Records excerpted from a collection:
※ ※ ※

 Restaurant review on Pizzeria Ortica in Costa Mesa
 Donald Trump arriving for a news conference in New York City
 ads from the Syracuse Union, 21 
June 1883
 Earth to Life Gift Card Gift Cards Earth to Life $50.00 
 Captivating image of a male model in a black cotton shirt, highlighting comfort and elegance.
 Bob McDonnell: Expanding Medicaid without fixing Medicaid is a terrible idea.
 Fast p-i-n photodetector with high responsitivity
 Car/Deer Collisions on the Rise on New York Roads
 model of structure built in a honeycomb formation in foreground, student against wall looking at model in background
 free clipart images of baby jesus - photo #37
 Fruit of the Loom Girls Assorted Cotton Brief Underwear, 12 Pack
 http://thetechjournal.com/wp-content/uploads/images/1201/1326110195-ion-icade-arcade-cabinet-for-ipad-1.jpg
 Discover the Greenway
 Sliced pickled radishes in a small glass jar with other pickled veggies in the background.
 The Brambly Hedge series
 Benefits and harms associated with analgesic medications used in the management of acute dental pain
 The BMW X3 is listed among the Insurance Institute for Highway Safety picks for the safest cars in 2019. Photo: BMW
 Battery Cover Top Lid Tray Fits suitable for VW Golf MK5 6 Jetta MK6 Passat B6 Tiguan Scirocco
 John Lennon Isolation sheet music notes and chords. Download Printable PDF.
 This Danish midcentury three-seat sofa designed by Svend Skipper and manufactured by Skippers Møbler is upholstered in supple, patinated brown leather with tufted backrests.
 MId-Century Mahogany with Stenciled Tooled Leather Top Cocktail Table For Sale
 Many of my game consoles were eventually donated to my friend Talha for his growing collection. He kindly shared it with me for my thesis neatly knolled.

※ ※ ※

Could you repeat exactly the lines above from the line with "Donald Trump arriving" up to and including the line with "John Lennon Isolation", and only those?

 Donald Trump arriving for a news conference in New York City
 ads from the Syracuse Union, 21 
June 1883
 Earth to Life Gift Card Gift Cards Earth to Life $50.00 
 Captivating image of a male model in a black cotton shirt, highlighting comfort and elegance.
 Bob McDonnell: Expanding Medicaid without fixing Medicaid is a terrible idea.
 Fast p-i-n photodetector with high responsitivity
 Car/Deer Collisions on the Rise on New York Roads
 model of structure built in a honeycomb formation in foreground, student against wall looking at model in background
 free clipart images of baby jesus - photo #37
 Fruit of the Loom Girls Assorted Cotton Brief Underwear, 12 Pack
 http://thetechjournal.com/wp-content/uploads/images/1201/1326110195-ion-icade-arcade-cabinet-for-ipad-1.jpg
 Discover the Greenway
 Sliced pickled radishes in a small glass jar with other pickled veggies in the background.
 The Brambly Hedge series
 Benefits and harms associated with analgesic medications used in the management of acute dental pain
 The BMW X3 is listed among the Insurance Institute for Highway Safety picks for the safest cars in 2019. Photo: BMW
 Battery Cover Top Lid Tray Fits suitable for VW Golf MK5 6 Jetta MK6 Passat B6 Tiguan Scirocco
 John Lennon Isolation sheet music notes and chords. Download Printable PDF.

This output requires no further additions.